It’s not often I get my bike out of the shed. It has been slowly seizing up since we moved here. But so have I been (‘seizing up’, that is, not ‘in the shed’). So it was high time I got us both back on the road. Twenty years ago I was a keen and eager cyclist, tackling the hills and valleys of Norfolk with great enthusiasm every Sunday morning. Well, starting mid-morning and finishing at a pub at midday really, but you get the idea. I could cycle 30 kilometres without recourse to medical equipment, despite my high consumption of alcohol and cigarettes.
So last Sunday the bright and sunny weather had me oiling my chain and inflating my tyres and getting back out there. You never forget how to ride a bike, they say. Well that’s true perhaps, but that didn’t make it any easier.
Luckily the road runs downhill from our house, and is very quiet, so the first 250 metres were very easy. Rolling along down the middle of the road, the sun on my face and the noises of the countryside all around it was perfect. The feeling of freedom, and of being a child again, was almost overpowering. I was ready to keep going all day.

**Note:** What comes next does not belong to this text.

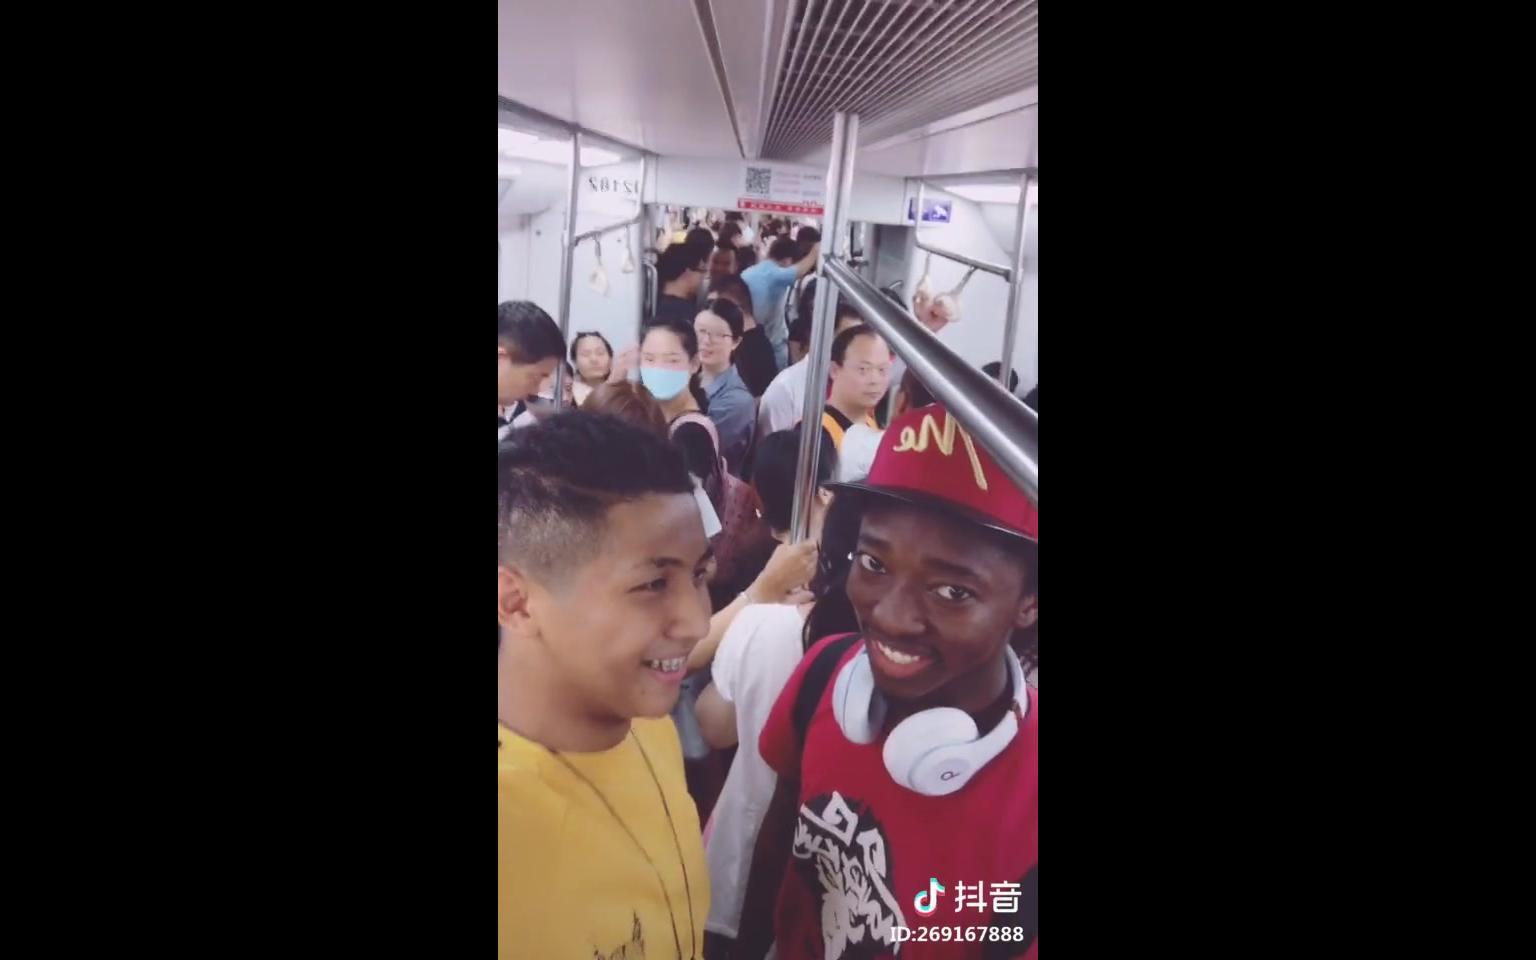 黑人狂飙陕西话

Then a tractor appeared around the corner. It wasn’t driving too fast, or in a dangerous manner, but it startled me enough that I pulled into the edge of the road a bit enthusiastically. The edge of the road was slippery with grit, gravel and water and I zoomed rather dramatically into the ditch at the side of the road. Happily the French like to keep their roadside ditches well trimmed, and to be fair it was a bit like falling on a duvet. But when you reach my age even falling on a duvet at twenty miles an hour is a bit of a shock. I pulled myself out of the ditch in time to hear the tractor driver shouting at me that I should be more careful (he didn’t stop or even slow down), and remembered that I had forgotten the first rule of cycling in the 21st century:
ALWAYS WEAR A CRASH HELMET
I hadn’t, in all honesty, hurt my head or anything else, but after a certain age you become aware of the harm you could do to yourself, even if it doesn’t happen. So I pieced myself back together and returned quietly home, telling myself how lucky I was not to have received a nasty blow on the head that sent me into a vegetative state and required my family to wait on me constantly for the next 40 years.
The small hill I had been rolling down just moments earlier was now too steep for me to cycle back up, so I walked instead, pushing the bike beside me. Mrs Boris was waiting on the terrace, drink in hand, to console me by explaining that both she and our two children had seen the whole thing from the house, asking if I was alright, and so on. Some comfort, I suppose, but I can’t help wondering why they didn’t come running down the road to se if I was alright, rather than sitting on the terrace with a glass of wine in hand.
Perhaps they were also concerned about the possibility of needing to look after me for the next 40 years?